On Wed, Oct 1, 2014 at 6:04 AM, Ed Judge <ejud...@gmail.com> wrote:

> Looks like they are up.  I see the following on one of the nodes but both 
> look generally the same (1 live datanode).
> [hadoop@localhost bin]$ hdfs dfsadmin -report
> 14/10/01 12:51:56 WARN util.NativeCodeLoader: Unable to load native-hadoop 
> library for your platform... using builtin-java classes where applicable
> Configured Capacity: 40797364224 (38.00 GB)
> Present Capacity: 37030862848 (34.49 GB)
> DFS Remaining: 37030830080 (34.49 GB)
> DFS Used: 32768 (32 KB)
> DFS Used%: 0.00%
> Under replicated blocks: 0
> Blocks with corrupt replicas: 0
> Missing blocks: 0
> -------------------------------------------------
> Datanodes available: 1 (1 total, 0 dead)
> Live datanodes:
> Name: 127.0.0.1:50010 (localhost)
> Hostname: localhost
> Decommission Status : Normal
> Configured Capacity: 40797364224 (38.00 GB)
> DFS Used: 32768 (32 KB)
> Non DFS Used: 3766501376 (3.51 GB)
> DFS Remaining: 37030830080 (34.49 GB)
> DFS Used%: 0.00%
> DFS Remaining%: 90.77%
> Configured Cache Capacity: 0 (0 B)
> Cache Used: 0 (0 B)
> Cache Remaining: 0 (0 B)
> Cache Used%: 100.00%
> Cache Remaining%: 0.00%
> Last contact: Wed Oct 01 12:51:57 UTC 2014
> I don’t know how to demonstrate that they are accessible except to telnet 
> into each of them.  Right now that test shows that both nodes accept the 
> connection to port 50010.
> Is there some other test I can perform?
> Thanks,
> -Ed
> On Oct 1, 2014, at 12:31 AM, Hari Shreedharan <hshreedha...@cloudera.com> 
> wrote:
>> Looks like one data node is inaccessible or down - so the HDFS client has 
>> black listed it and the writes are failing as blocks are allocated to that 
>> one.
>> 
>> Thanks,
>> Hari
>> 
>> 
>> On Tue, Sep 30, 2014 at 7:33 PM, Ed Judge <ejud...@gmail.com> wrote:
>> 
>> I’ve pulled over all of the Hadoop jar files for my flume instance to use.  

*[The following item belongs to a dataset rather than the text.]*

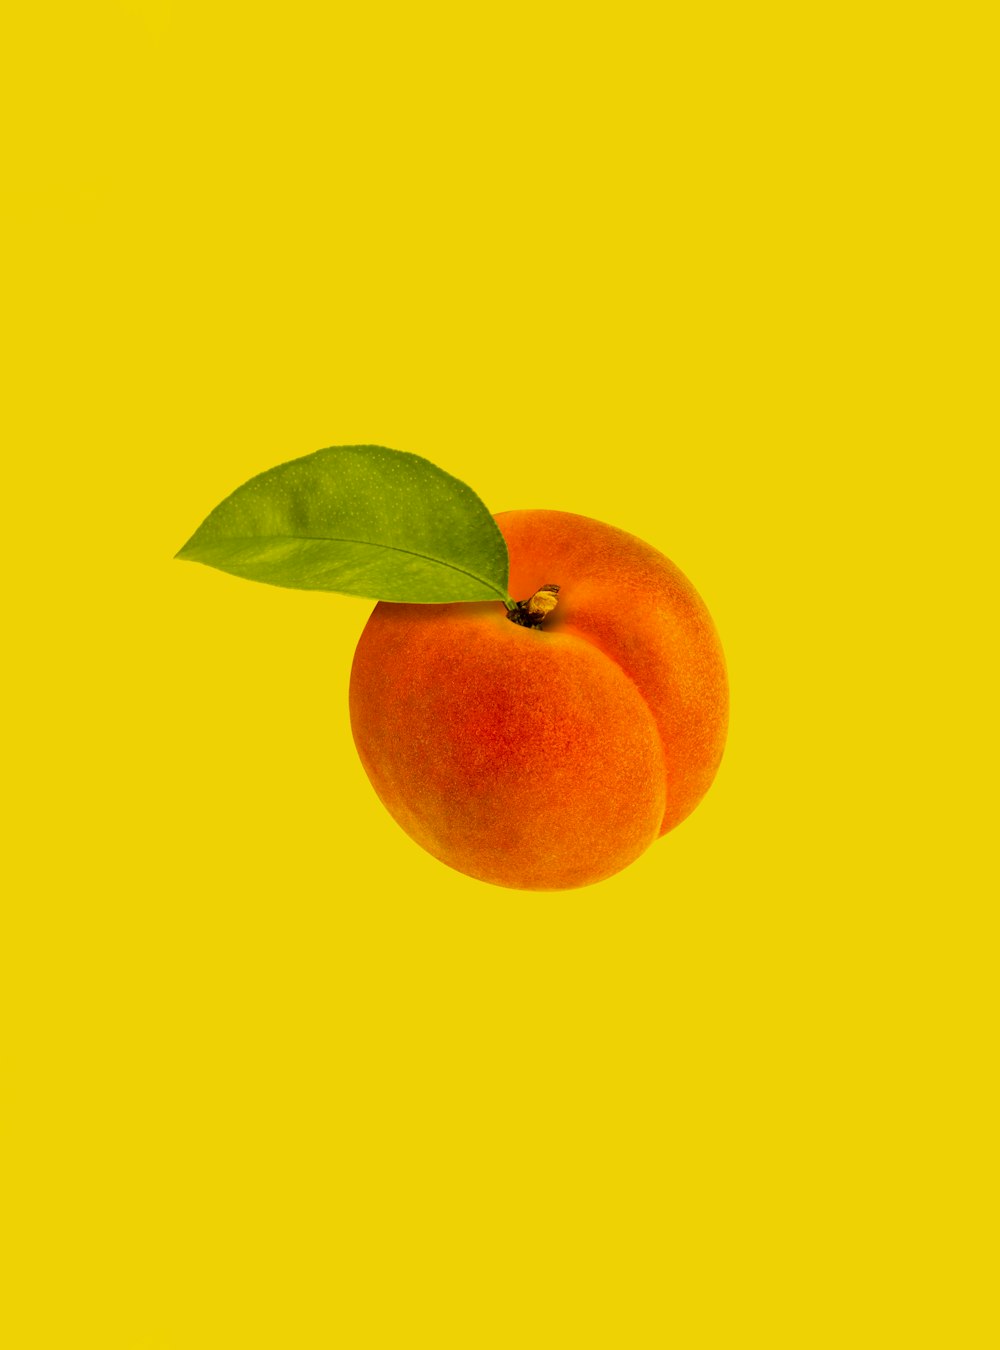 녹색 잎이있는 오렌지 과일
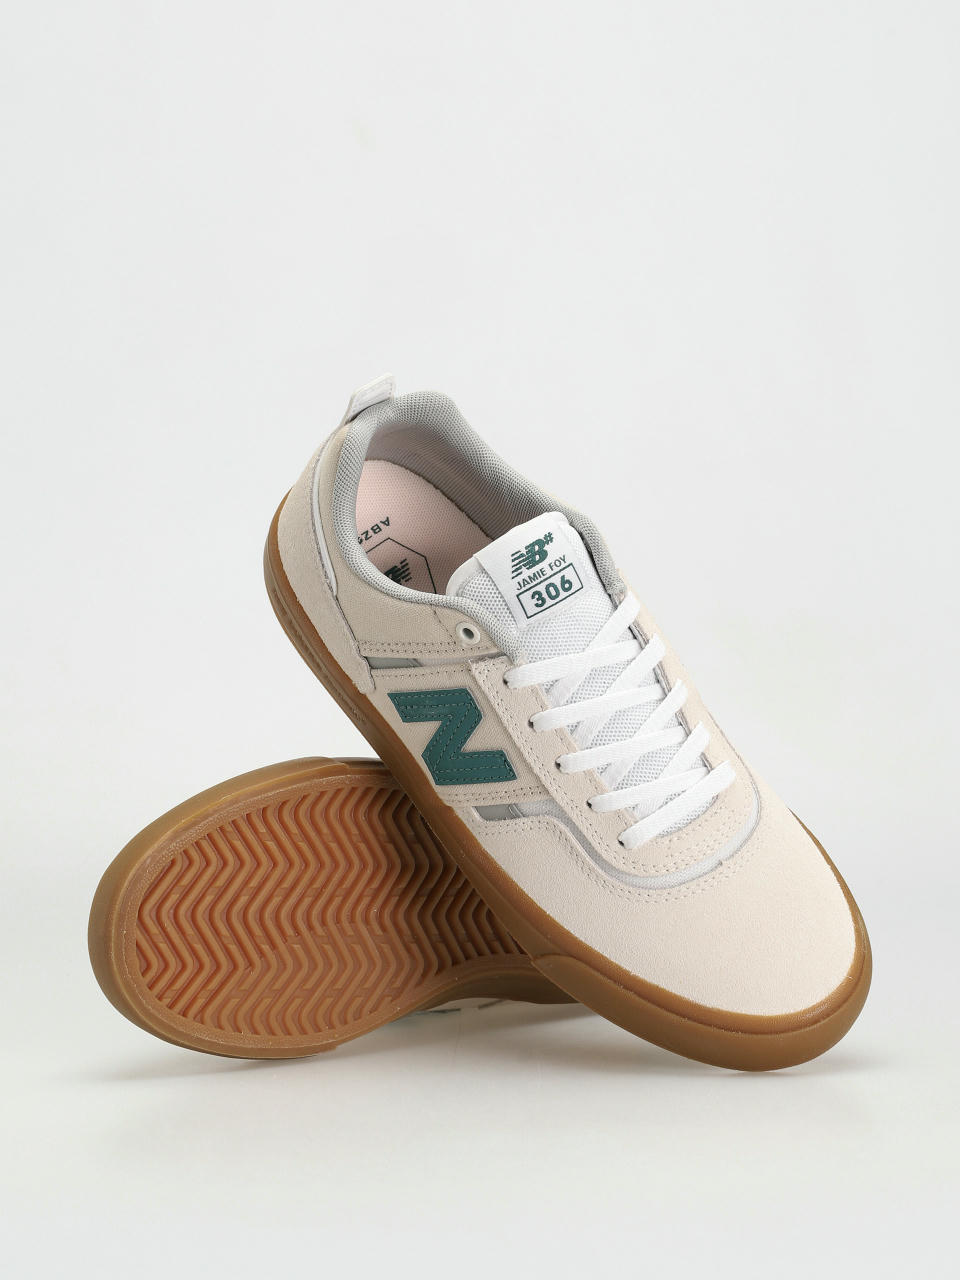 New Balance Numeric 306 Jamie Foy Sea Salt & Teal Skate Shoes

>> I am seeing some slightly different errors now.  Basically I have 2 
>> identically configured hadoop instances on the same subnet.  Running flume 
>> on those same instances and pointing flume at the local hadoop/hdfs instance 
>> works fine and the files get written.  However, when I point it to the 
>> adjacent hadoop/hdfs instance I get many exceptions/errors (show below) and 
>> the files never get written.  Here is my HDFS sink configuration on 
>> 10.0.0.14:
>> 
>> # Describe the sink
>> a1.sinks.k1.type = hdfs
>> a1.sinks.k1.hdfs.path = hdfs://10.0.0.16:9000/tmp/
>> a1.sinks.k1.hdfs.filePrefix = twitter
>> a1.sinks.k1.hdfs.fileSuffix = .ds
>> a1.sinks.k1.hdfs.rollInterval = 0
>> a1.sinks.k1.hdfs.rollSize = 10
>> a1.sinks.k1.hdfs.rollCount = 0
>> a1.sinks.k1.hdfs.fileType = DataStream
>> #a1.sinks.k1.serializer = TEXT
>> a1.sinks.k1.channel = c1
>> 
>> Any idea why this is not working?
>> 
>> Thanks.
>> 
>> 01 Oct 2014 01:59:45,098 INFO  
>> [SinkRunner-PollingRunner-DefaultSinkProcessor] 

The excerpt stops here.